Stereo vision makes construction vehicles safer
Owners and operators of large construction and mining vehicles must ensure that their machines work effectively without injuring on-site personnel. Because the machines are often very large, it may be difficult for an operator to visualize how specific aspects of the machine are performing or whether on-site personnel have been placed in danger.
A number of companies are now employing machine-vision systems to both prevent unsafe operation of the equipment while at the same time ensuring workers’ safety.
Ten years ago, for example, Motion Metrics (Vancouver, BC, Canada; www.motionmetrics.com) in collaboration with Alberta Research Council (Edmonton, AB, Canada) developed an embedded, intelligent, single-camera machine-vision system to detect missing bucket teeth on large excavators (see “Vision system detects missing shovel teeth,” Vision Systems Design, October 2001).
Since the teeth are manufactured from hardened steel, lost or broken teeth can cause serious damage to associated machinery in the downstream processing plant. Real-time monitoring of the bucket is then used to dynamically warn the operator of any tooth loss and thus ensure that no downstream damage can occur.
Now, designers at Arcure (Orsay, France; www.arcure.net) have taken this concept one step further, developing a 3-D system known as Blaxtair that can detect workers that may be in unsafe range of heavy machinery (see figure). Designed to be mounted on the rear or sides of large construction vehicles, the system can automatically alert an operator to any human shape in close proximity to the machine.
Rather than use time-of-flight or structured-light methods to perform the 3-D imaging, Arcure has chosen instead to take a more conventional approach, developing the Blaxtair unit with dual Blue Cougar X GigE Vision cameras from Matrix Vision (Oppenweiler, Germany; www.matrix-vision.com).

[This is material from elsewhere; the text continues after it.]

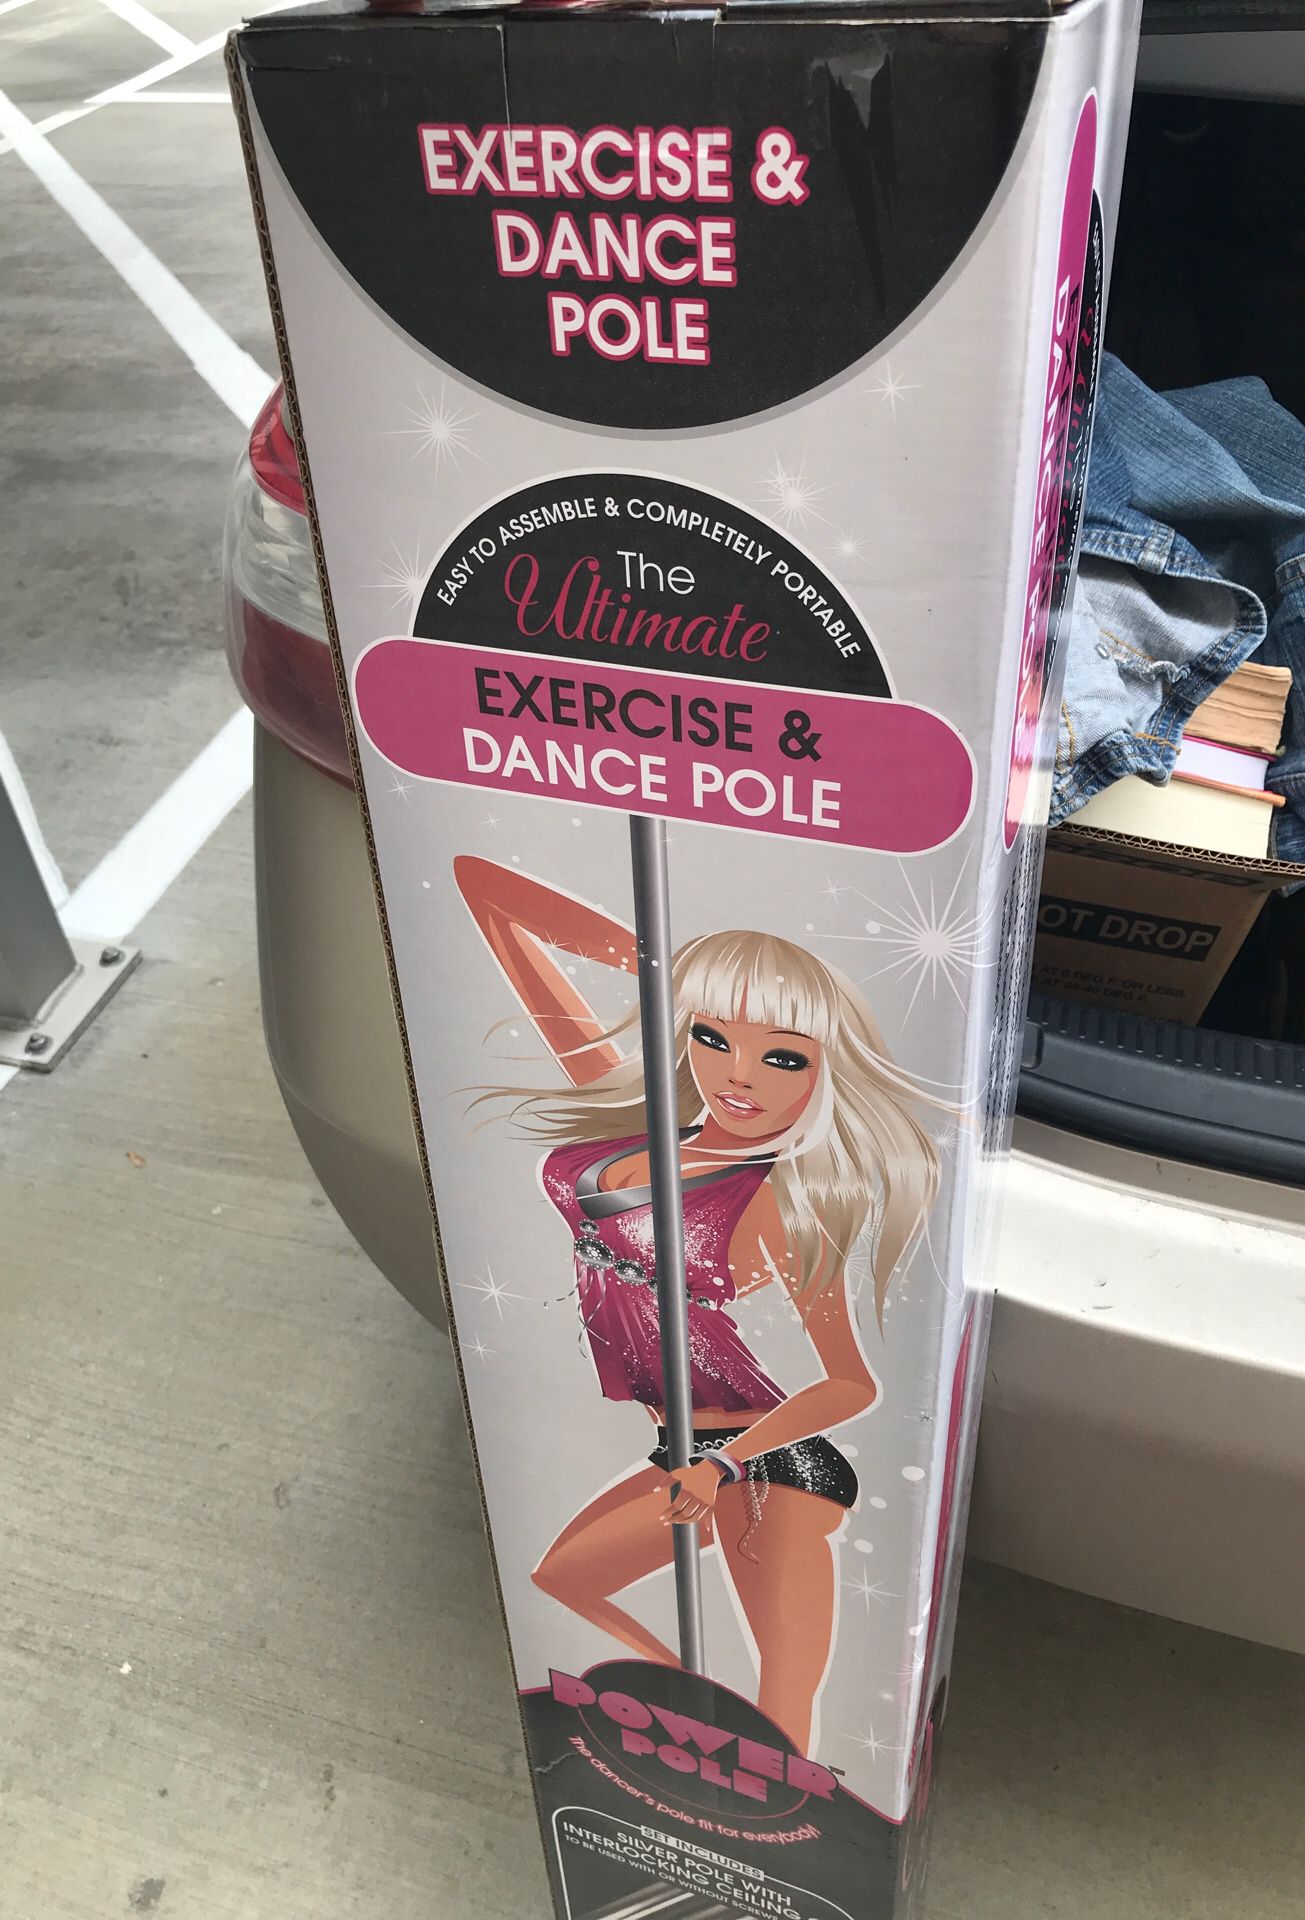 The ultimate exercise and dance pole

“Because it was necessary to mount the Blaxtair camera unit at some distance from the control unit located in the cabin,” says Patrick Mansuy, president of Arcure, “the system required the flexible, low-cost interface provided by the GigE interface of the Blue Cougar cameras.”
Perhaps more important, operating the camera systems in outdoor environments demands automatic control of both automatic gain and auto-exposure and a system in which these parameters can be synchronized between two cameras. “This was possible since both the automatic gain and auto-exposure of the HDR WVGA CMOS imagers from Aptina [San Jose, CA, USA; www.aptina.com] used in each of the Blue Cougar X cameras can be dynamically adjusted and synchronized over the GigE interface,” says Mansuy. By fitting these cameras with a short-focal-length S-mount lens, a large stereo field of view can be obtained.
Like most dual-camera stereo systems, the Blaxtair system uses the principle of epipolar geometry to generate 3-D images from the two calibrated stereo image pairs. After the two images are transmitted to a host PC in the cabin of the construction vehicle, epipolar geometry is used to recreate a 3-D scene.
For the system to understand the shape and orientation of objects within this scene, Arcure licensed a patented algorithm originally developed by researchers at the French Alternative Energies and Atomic Energy Commission (CEA; Gif-sur-yvette, France; www.cea.fr).
In operation, this algorithm can be programmed to scan the 3-D data and determine whether a human shape is in a specified range of the 3-D camera. If an obstacle is detected, the system can then flag a warning to the operator within 300 ms of the occurrence.
According to Mansuy, the system is currently being field tested by two very large French construction companies on different types of construction vehicles.